→ **EXERCISE INSTRUCTIONS**: All that should come back is the lines of the data below from the one containing "Half of gems" to the one containing "a4ba5bb95f7a Highstead Mock", inclusive, exactly as they stand.
(ENTRIES PROVIDED begins)
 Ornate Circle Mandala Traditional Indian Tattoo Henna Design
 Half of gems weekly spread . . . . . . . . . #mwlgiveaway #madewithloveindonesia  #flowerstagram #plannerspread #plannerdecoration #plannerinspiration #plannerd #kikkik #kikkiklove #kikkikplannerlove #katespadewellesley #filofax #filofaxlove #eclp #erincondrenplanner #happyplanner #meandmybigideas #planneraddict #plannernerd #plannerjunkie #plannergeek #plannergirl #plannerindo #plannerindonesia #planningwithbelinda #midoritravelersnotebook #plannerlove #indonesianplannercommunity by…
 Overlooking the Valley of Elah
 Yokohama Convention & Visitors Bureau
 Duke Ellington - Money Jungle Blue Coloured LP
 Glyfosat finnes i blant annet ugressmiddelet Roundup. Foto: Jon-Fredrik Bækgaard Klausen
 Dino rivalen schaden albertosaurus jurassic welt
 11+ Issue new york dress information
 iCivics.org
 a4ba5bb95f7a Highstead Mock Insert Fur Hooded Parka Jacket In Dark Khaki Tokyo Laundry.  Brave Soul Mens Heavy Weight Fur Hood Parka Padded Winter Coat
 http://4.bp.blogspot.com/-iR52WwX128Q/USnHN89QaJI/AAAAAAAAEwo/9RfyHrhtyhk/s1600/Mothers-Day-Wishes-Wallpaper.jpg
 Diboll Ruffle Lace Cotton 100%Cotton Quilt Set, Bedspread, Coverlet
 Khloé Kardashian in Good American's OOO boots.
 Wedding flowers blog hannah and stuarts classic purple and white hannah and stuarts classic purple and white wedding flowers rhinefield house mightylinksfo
(ENTRIES PROVIDED ends)
→ **ANSWER TO THIS PROBLEM**:
 Half of gems weekly spread . . . . . . . . . #mwlgiveaway #madewithloveindonesia  #flowerstagram #plannerspread #plannerdecoration #plannerinspiration #plannerd #kikkik #kikkiklove #kikkikplannerlove #katespadewellesley #filofax #filofaxlove #eclp #erincondrenplanner #happyplanner #meandmybigideas #planneraddict #plannernerd #plannerjunkie #plannergeek #plannergirl #plannerindo #plannerindonesia #planningwithbelinda #midoritravelersnotebook #plannerlove #indonesianplannercommunity by…
 Overlooking the Valley of Elah
 Yokohama Convention & Visitors Bureau
 Duke Ellington - Money Jungle Blue Coloured LP
 Glyfosat finnes i blant annet ugressmiddelet Roundup. Foto: Jon-Fredrik Bækgaard Klausen
 Dino rivalen schaden albertosaurus jurassic welt
 11+ Issue new york dress information
 iCivics.org
 a4ba5bb95f7a Highstead Mock Insert Fur Hooded Parka Jacket In Dark Khaki Tokyo Laundry.  Brave Soul Mens Heavy Weight Fur Hood Parka Padded Winter Coat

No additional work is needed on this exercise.